Seferihisar’ın Çınarları / Saadet Erciyas ___________
Renkli, gülen gözlerle bakıyor Hasan Kozan. Mavi mi yeşil mi kestirmek zor. Yüzünde derin çizgiler… Sığacık’ın en yaşlı, en görmüş geçirmiş balıkçısını sorunca “Topal Hasan’a gideceksin” demişlerdi. Şimdi, Sığacık’ın Kaleiçi’ndeki, beyaz badanalı, tertemiz uzun sokaklarında bir akşamüzeri söyleşisi yapıyoruz Hasan Kozan’la. Başında gri bir kasket, üzerinde kahverengi ütülü bir gömlek…
Hasan Kozan 1926 doğumlu. Hasan Kozan’ın dedesi Mora’dan gelmiş. Kozan, ilkokulu Sığacık’ta üç yıl okumuş, şahadetnamesini almış. Ondan sonra babasının yanında çalışmaya başlamış. Kardeşi Yaşar Kozan beş sene okumuş. Babasının rençper olduğunu söylüyor. Ekip biçtikleri esas ürün tütünmüş. “Kendi tarlamız vardı. Biz de senelerce gittik, Allah düşmanıma bile nasip etmesin tütünü. En kötü meslek” diyor.
Sigara içip içmediğini sorduğumda, “67 sene içtim. İki senedir de içmiyorum” diyor.
1941 yılında babasını kaybeden Hasan Kozan, bir yıl sonra balıkçılığa başladığını anlatıyor. “Aynı mesleği şimdi büyük oğlum yapıyor” diyor. Bir ayağı kısa olduğu için askerliğini Poligon’da altı ay kısa hizmetle yaptığını söylüyor.
Sığacık’ta eskiden insanların denize ancak 14 Ağustos Deniz Bayramı’nda girdiğini ifade eden Hasan amca, “Eski devirde 14 Ağustos deniz bayramıdır. Bütün herkes o zaman gidiyordu. Ama biz balıkçı olarak devamlı zaten denizdeydik” diyor.

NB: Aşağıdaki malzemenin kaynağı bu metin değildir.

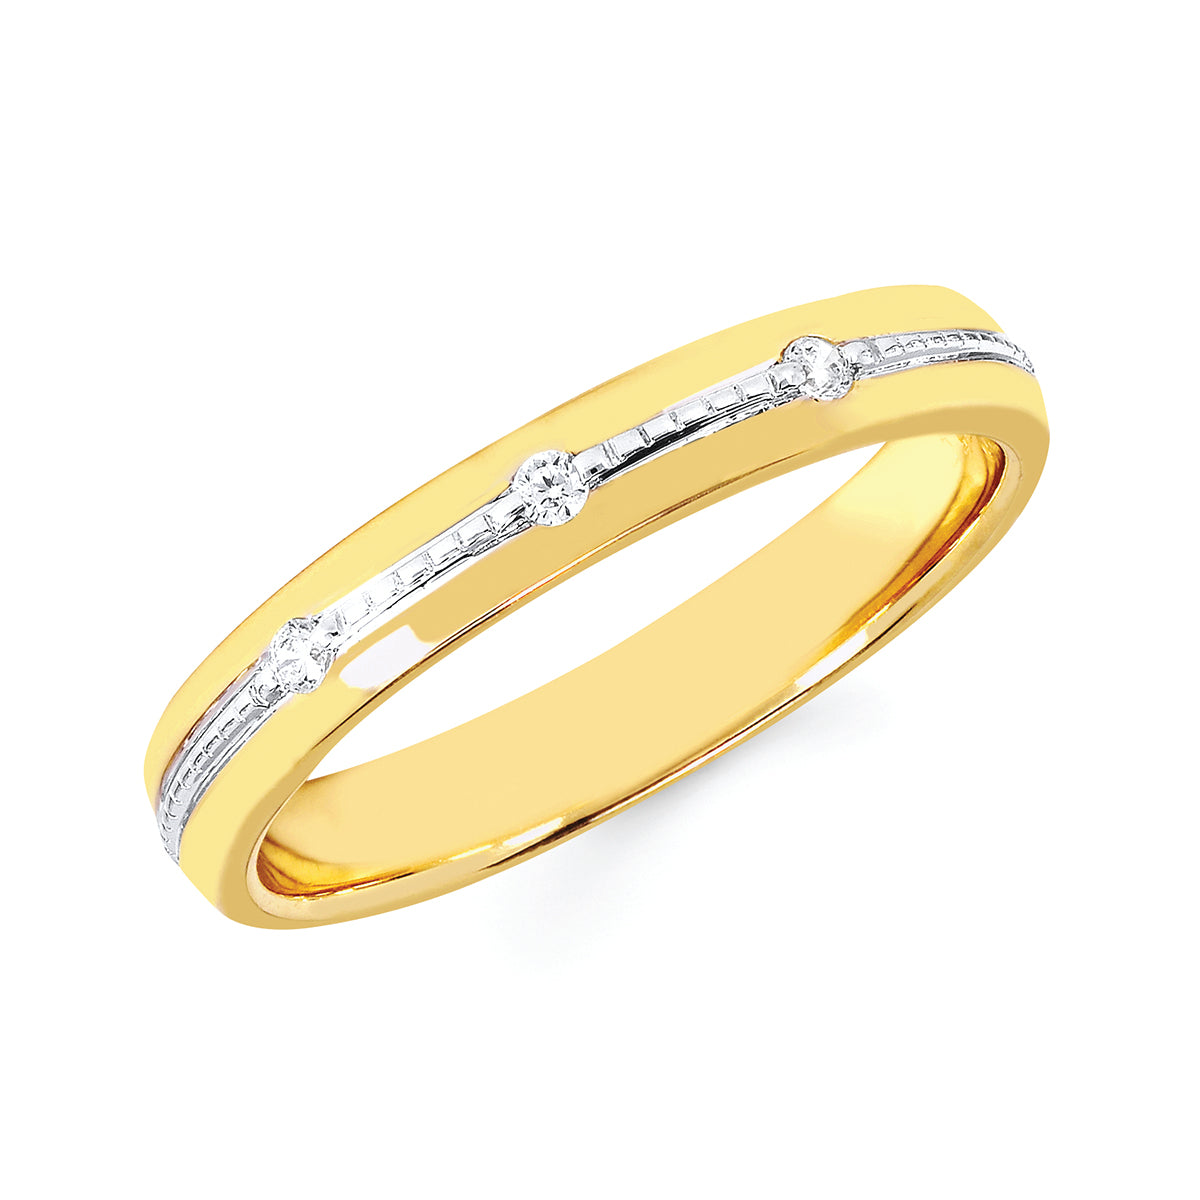 3MM Diamond Lifestyle Wedding Ring in 14K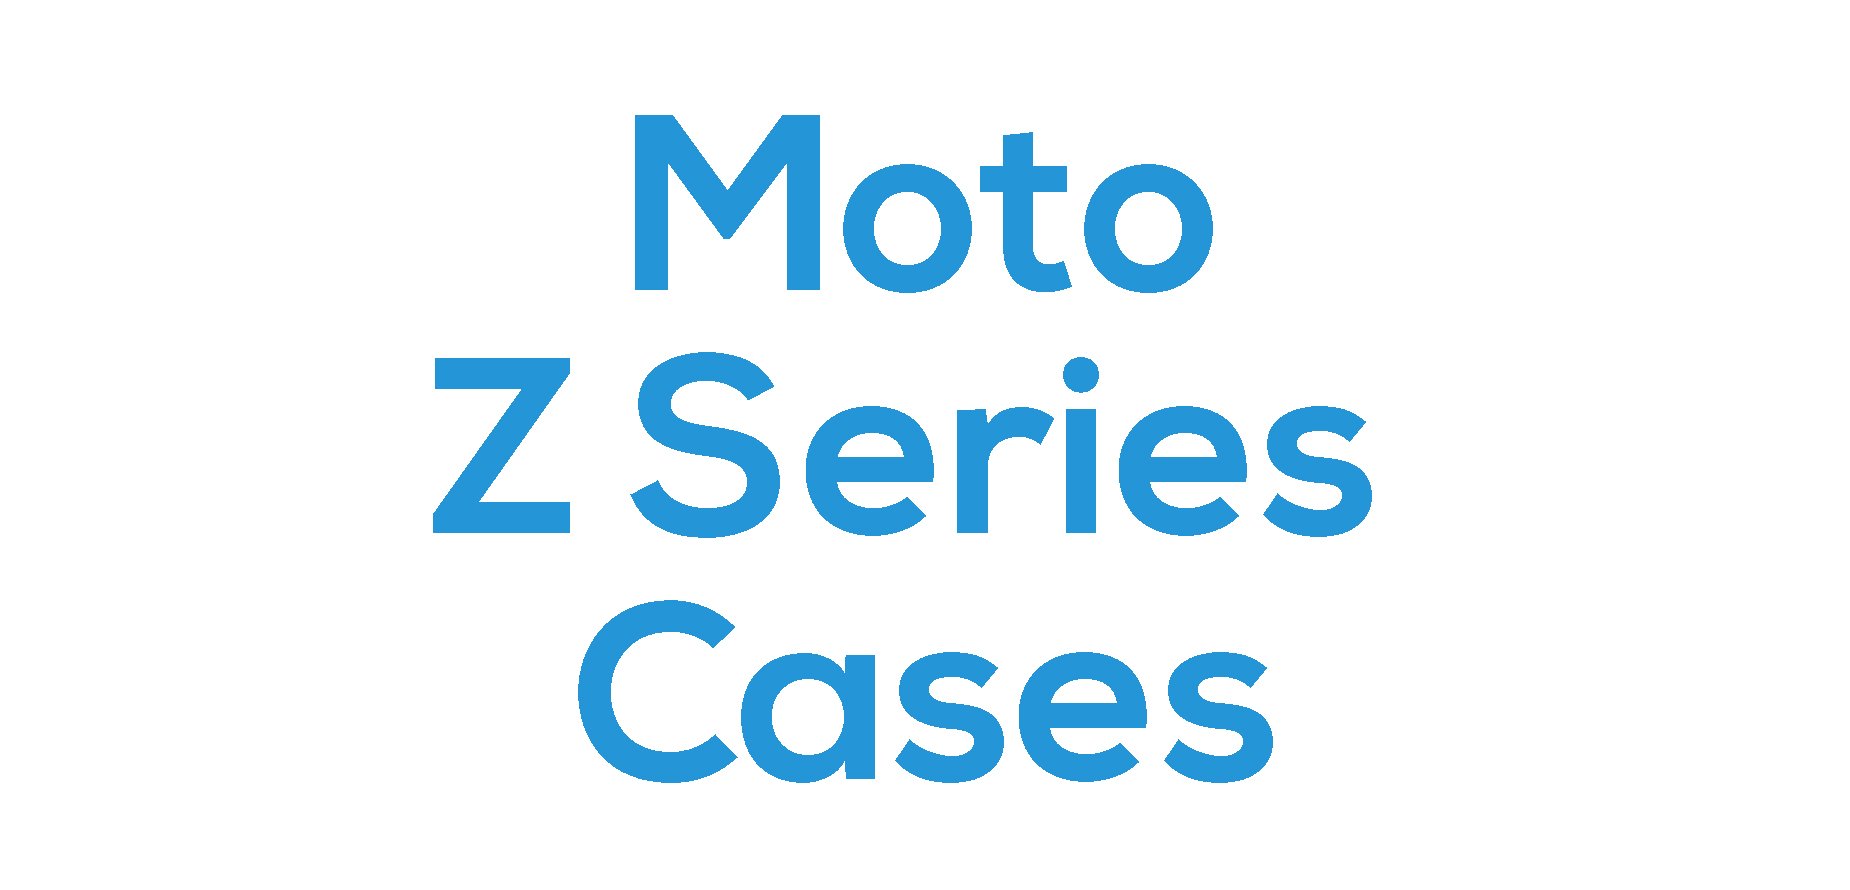 Moto Z Series Cases

Hasan amcaya tütün işinden balıkçılığa geçişini soruyoruz…
“Kendi teknemiz vardı. 6,75 boyunda, ismi Çapkın. Biz iki erkek kardeşiz. Tütünden artırdığımız paradan aldık kayığı. Evvela arkadaşlarla birkaç defa gittik, merak sardı. Oltayla başladık.”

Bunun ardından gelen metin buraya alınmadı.